# 36591 blood draw and chemo admin



## kabrodie (Jun 3, 2010)

In several older threads various people stated (paraphrasing here) that if you access a site for an infusion but draw a blood specimen from the same site/access before starting the infusion you cannot bill separately for both so bill the infusion.  CPT guidelines under codes 36591 and 36592 state "don't report in conjunction with any other service" and infusion guidelines state IV start or access to indwelling site are included in the infusion.  On the other hand, 36591 does not edit out against infusion codes.  
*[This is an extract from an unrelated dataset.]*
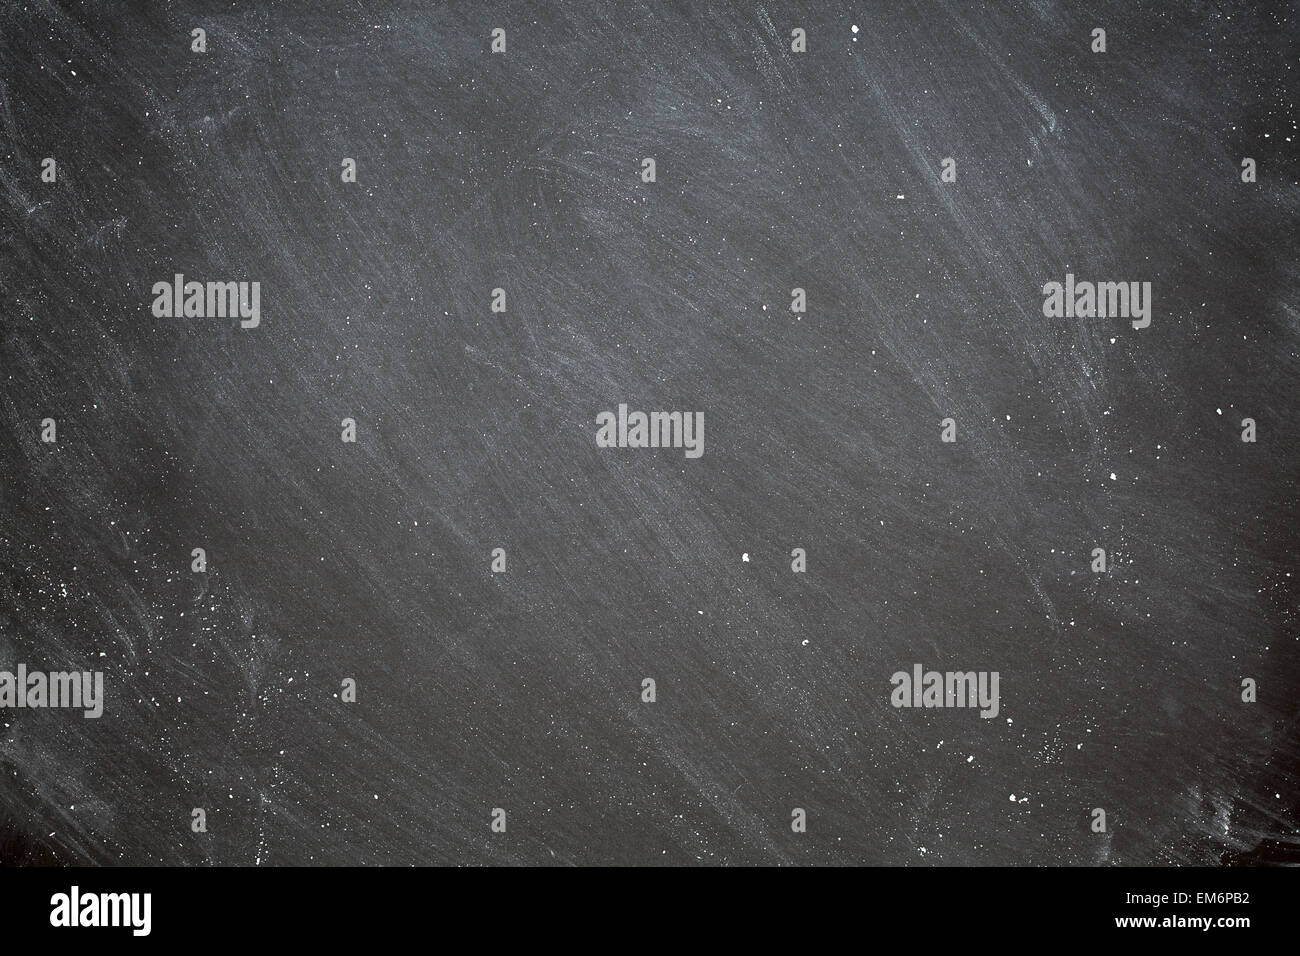 Chalkboard Background Retro Style Charcoal Gray Black Chalk Board with White Dust Eraser Marks Stock Photo

CPT Assistant April 08 doesn't really answer the question about whether or not a blood draw from a port is reportable in conjunction with an infusion.  In fact, in their rationale for establishing a new code they state "On every occasion that chemotherapy is administered and the oncologist or other physician is accessing the vein, it is more convenient and less invasive to draw blood from the same line if a specimen is necessary for testing".  Makes it seem the two services are reportable together.   

So...confused.  Any thoughts?
thanks
KB


----------



## hnroberts (Oct 28, 2010)

Is the port accessed two different times, once for the draw and once for the infusion?  Or is it accessed once( the blood is collected and then the drugs are infused all under the same access path)?  If it is just one access for all services, then you can only bill the infusion codes, but if it's two seperate accesses you can bill the infusion codes and the 36591(w/ 59 mod).  Hope this helps!


----------